Anyway the police said this kid has been diagnosed as schizophrenic, bipolar, and autistic.  Man, this kid has the entire spectrum covered, so we gotta cut him some slack!  No pun intended!


After his dad makes a full recovery, I would like to see him try to circumcise all that extra skin hanging under George Soros’s eyes.  Buffalo Bill could make a new suit out of it.



A Connecticut couple is facing charges after police say they engaged in sexual activity in a parked car in front of a 6-year-old boy who was in the back seat.  This is a classy looking couple right here, let me tell you.  Anyway, this happened in a McDonalds parking lot.  This poor kid had to sit in the backseat and watch his mom eat a quarter pounder while she was getting McFucked.

I feel bad for the cops though!  They had to witness this slob half naked.

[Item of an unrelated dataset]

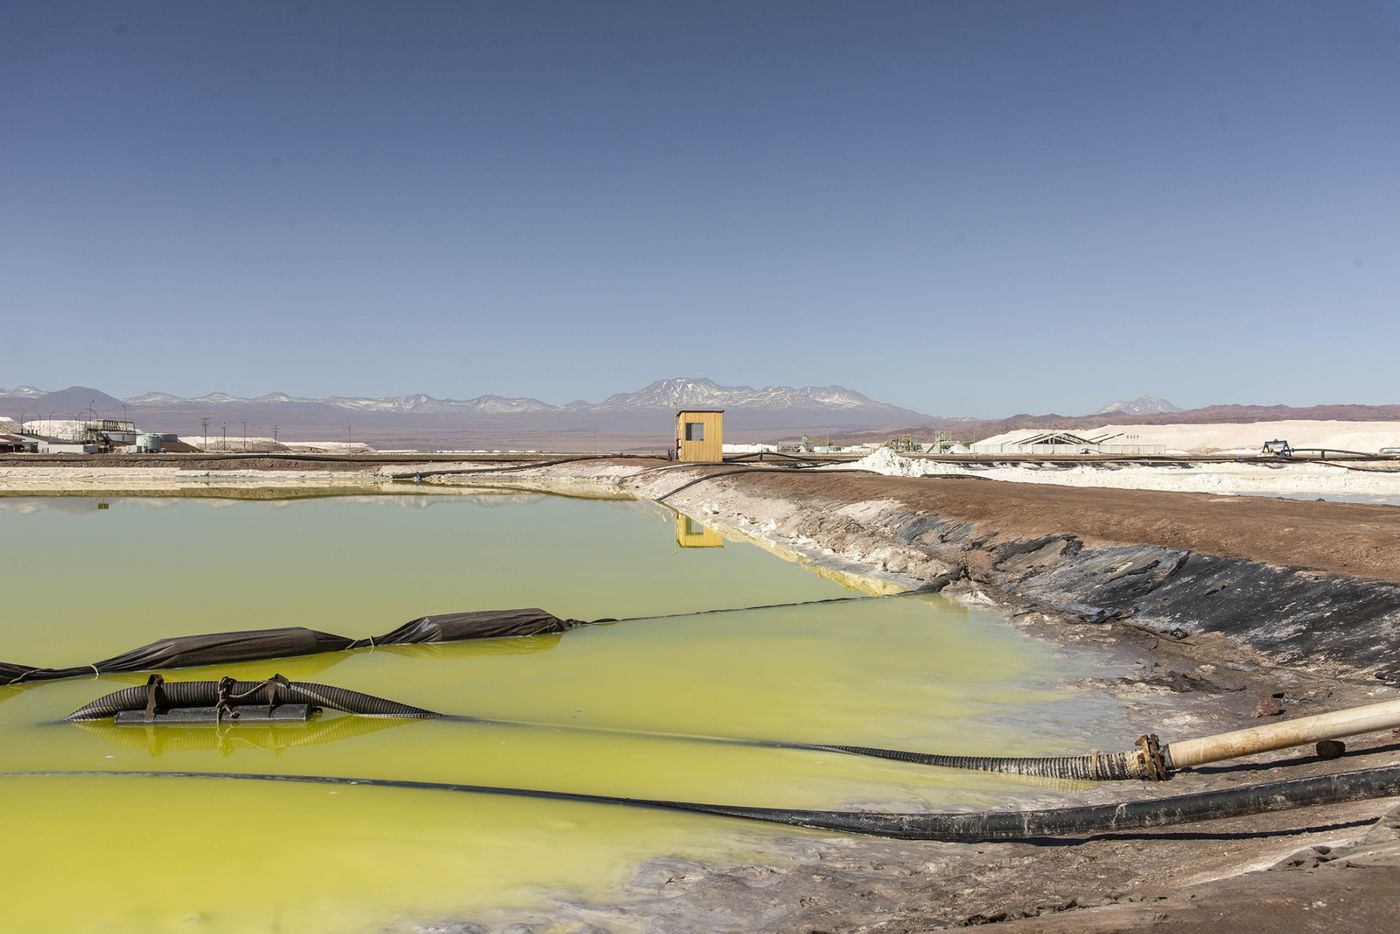 Khủng hoảng lithium nghiêm trọng: Bão giá tăng 500% chỉ sau 1 năm, nguy cơ thâm hụt vĩnh viễn khiến chính phủ đỏ mắt tìm nguồn cung trữ mỏ mới - Ảnh 4.

And what about Ronald McDonald, that creepy fucker is going to have to go to therapy now?

Hollywood Re-do

You know what drives me nuts, it’s Hollywood redoing all these old movies and changing out the characters.  Who the Hell did they think they were fooling making Cedric the Entertainer play Ralph Kramden in the Honeymooners?  And now you got Parker Posey playing Dr. Smith on Lost in Space.  Why do they feel the need to have a woman play a part that we are already comfortable with a man playing.  How hard could it be to find some slimeball in Hollywood to play that part.  Or maybe find someone in politics, I think John Podesta would be perfect.  He even looks like that rat bastard.  They should strap his ass to one of those SpaceX rockets and fire him into outer space.  Send him to Mars to scout for a shooting location.  You know, ONE WAY!

I guarantee you a bunch of white people aren’t trying to remake Roots.  Or what about that fatass redneck, what’s his name?  Larry the Cable Guy.  Yeah, let Larry the Cable guy play JJ on Good Times.

So the other night I went and watched that new movie Allied.  It wasn’t bad.  I could have just as easily waited for it to come out on TV and saved about 3 bucks on a box of sweet tarts, but I was hoping to see Brad Pitt’s new squeeze naked.  Actually, I want my money back; I just can’t get over that wart in the middle of her forehead!  But I digress.  Here is my problem with this movie; What the fuck do lesbians have to do with a war/spy movie?  NOTHING!  But they forced it on us about 5 or 6 times throughout the movie.  It had absolutely nothing to do with the plot of a war movie, but some fuckwit in Hollywood is trying to make a LGBT statement at the expense of my $9 ticket that my brother actually paid for, and I doubt will get reimbursed.  Seriously, London is getting the shit bombed out of them by the Germans and Lizzy Caplan is making out with some girl at a party.  Hell 1941 was a more realistic portrayal of World War 2!